I think many people believe that a debtor country must somehow inevitably suffer large scale unemployment as a result of having to pay back at least some of its debts. But this comes more from a moralistic view than thinking about the macroeconomics. In an open economy, the real exchange rate (competitiveness) will adjust to ensure ‘full employment’ is preserved, whatever primary surplus (taxes less non-interest spending) a government needs to service and pay back its debt.
Under flexible exchange rates this competitiveness adjustment could happen immediately. Things are not quite so simple in a monetary union: competitiveness cannot immediately adjust because of wage and price rigidities. A period of ‘excess unemployment’ will be required to push wages and prices down if the country is uncompetitive in relation to required primary surpluses. However the excess unemployment can be relatively modest. In fact, because of the structure of the standard Phillips curve, it is much more efficient to achieve gains in competitiveness gradually through a measured increase in unemployment than quickly through a rapid rise in unemployment, for reasons I outlined here when talking about Latvia.

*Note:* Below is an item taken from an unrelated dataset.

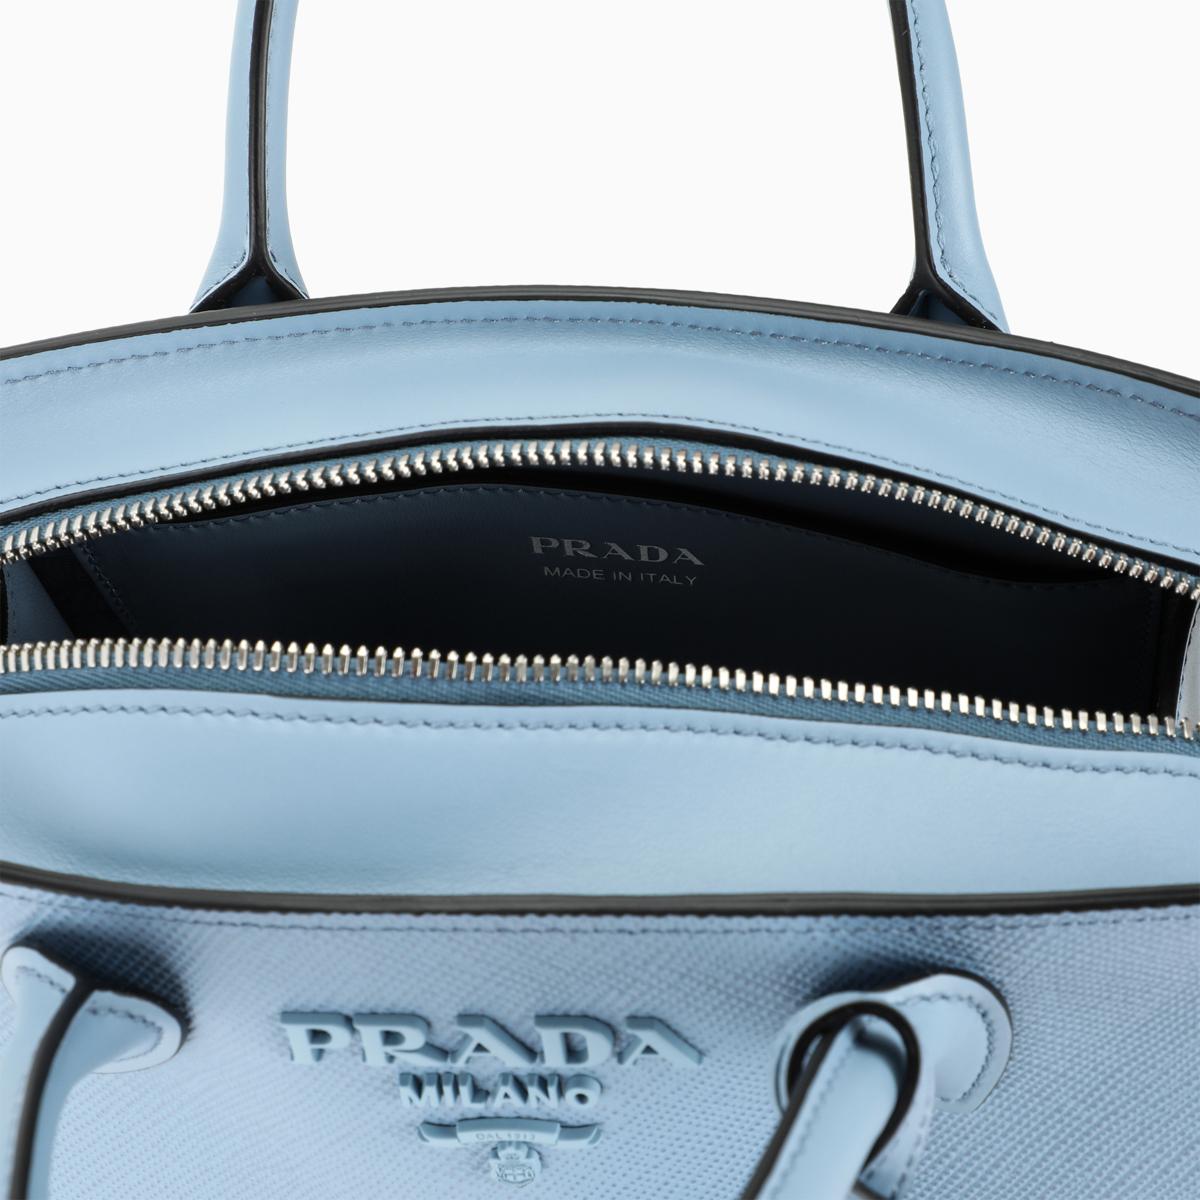 Prada Light-blue Monochrome Bag

To achieve this efficient outcome may well require the government to reduce its primary deficits gradually, because without this fiscal support while competitiveness adjusts output could fall rapidly. This in turn will require more government borrowing, and if the government cannot do this from the markets, the IMF or other governments should step in to ensure this efficient adjustment can take place and avoid the waste and suffering of unnecessary unemployment.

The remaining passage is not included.